- **The task**
Give the data again in full, without pictures.

- **Data below**
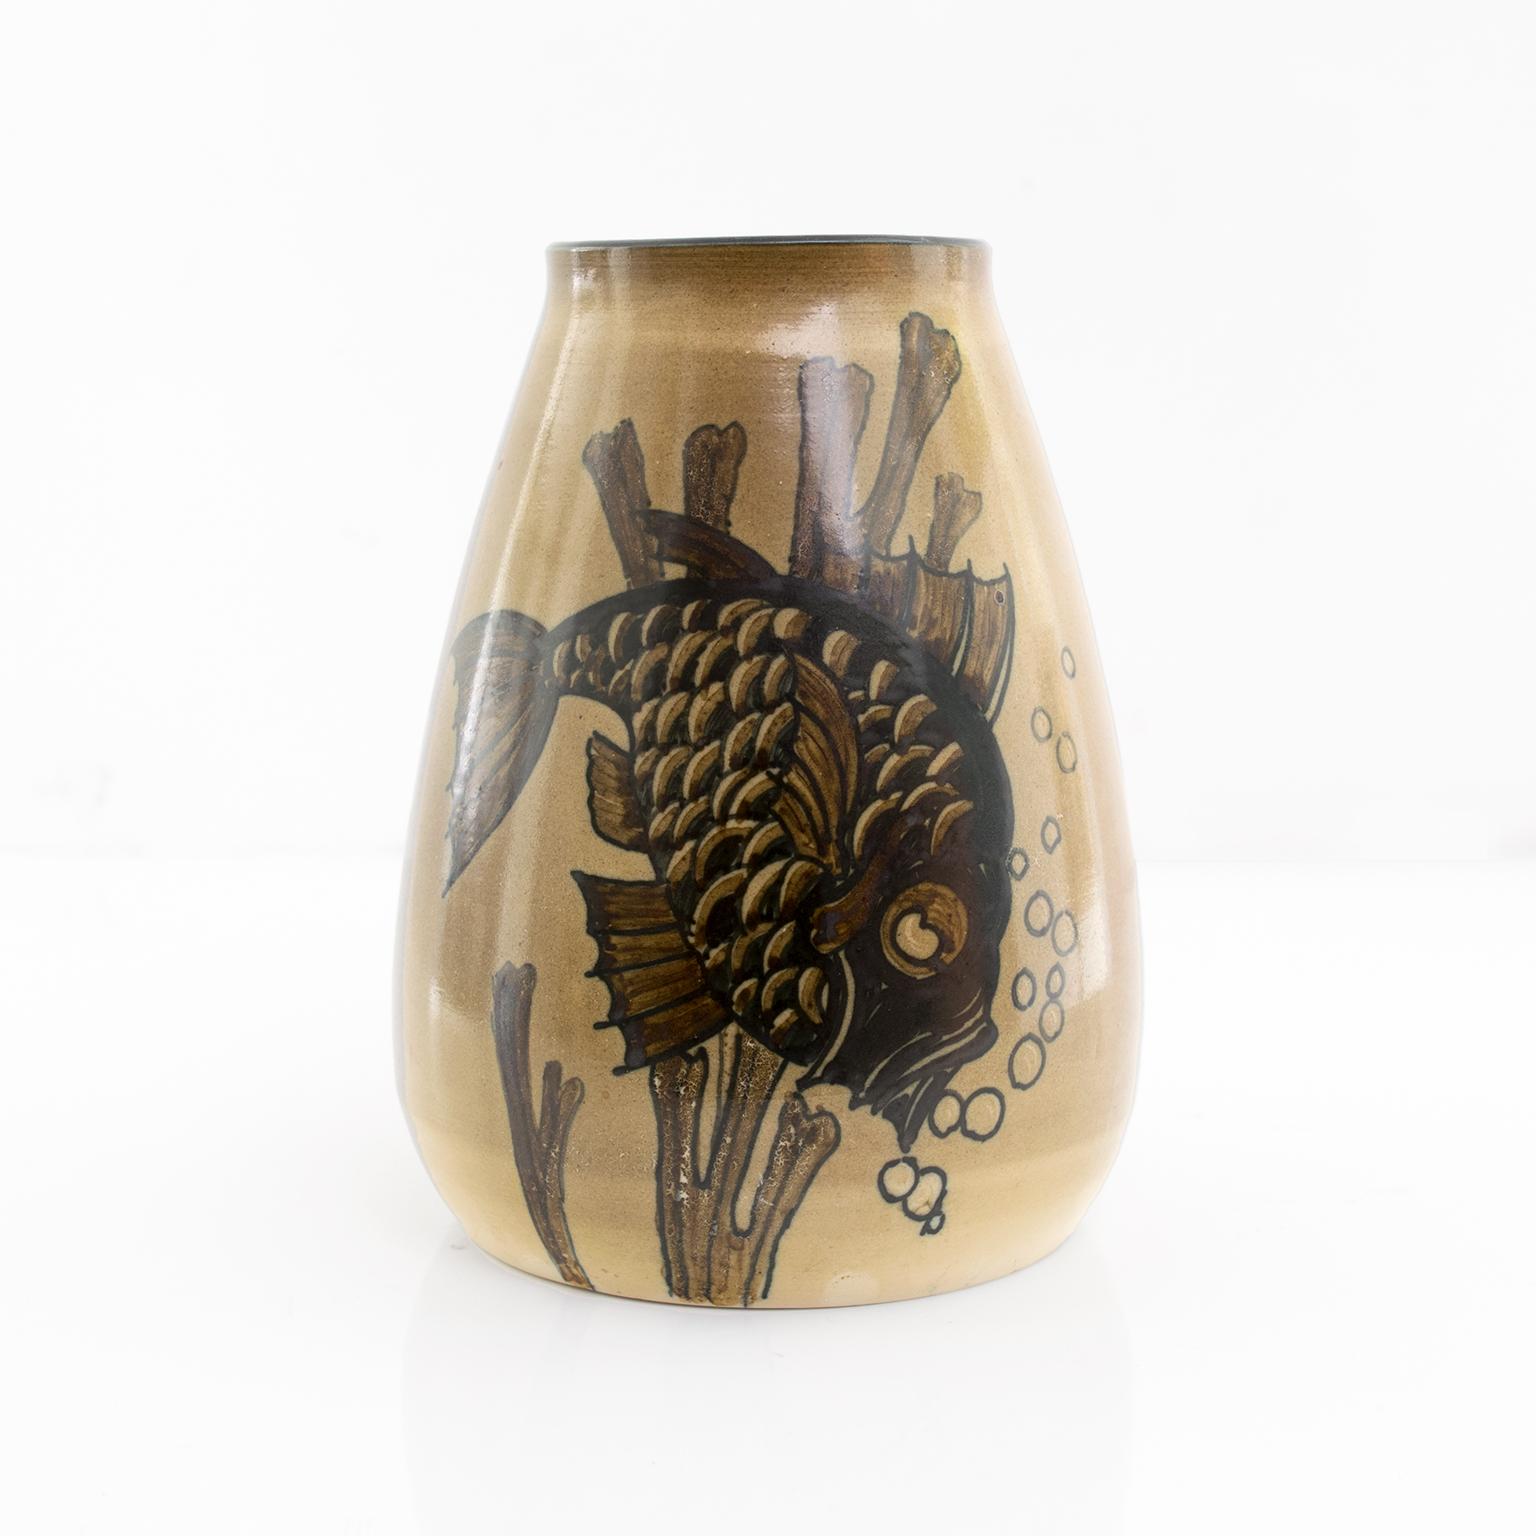 Unique Scandinavian Modern hand thrown and decorated Swedish Art Deco vase by Josef Ekberg depicting a fish underwater. Made at Gustavsberg, circa 1930.

Measures: Height: 7.75
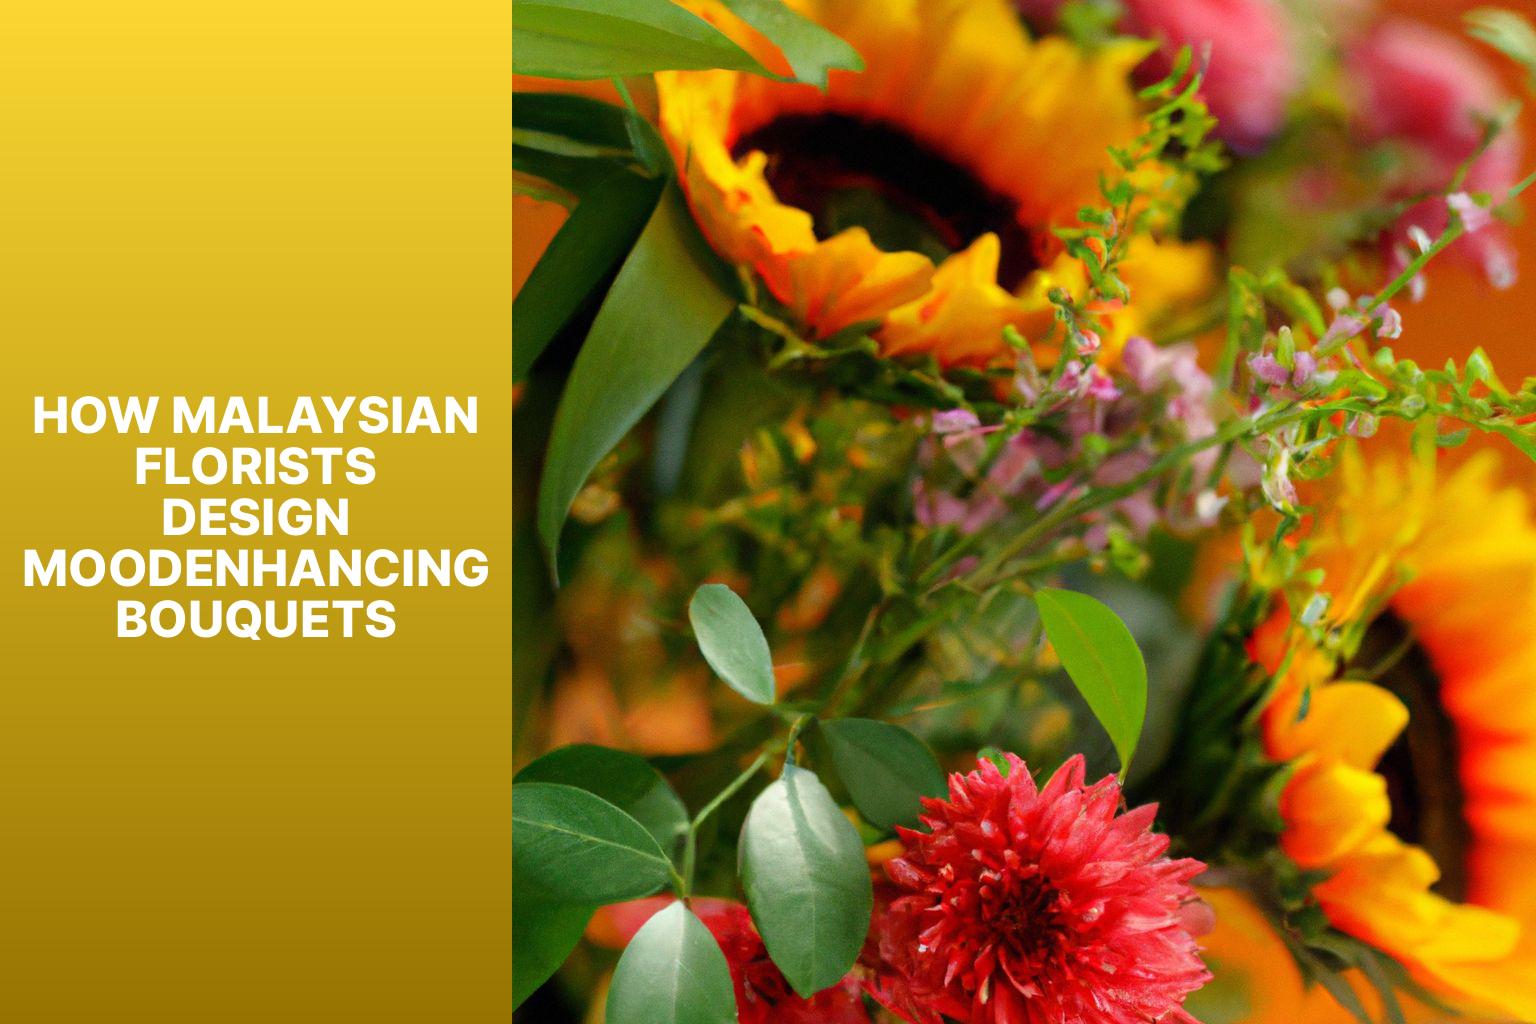 How Malaysian Florists Design MoodEnhancing Bouquets

- **Written reply**
 Unique Scandinavian Modern hand thrown and decorated Swedish Art Deco vase by Josef Ekberg depicting a fish underwater. Made at Gustavsberg, circa 1930.

Measures: Height: 7.75
 How Malaysian Florists Design MoodEnhancing Bouquets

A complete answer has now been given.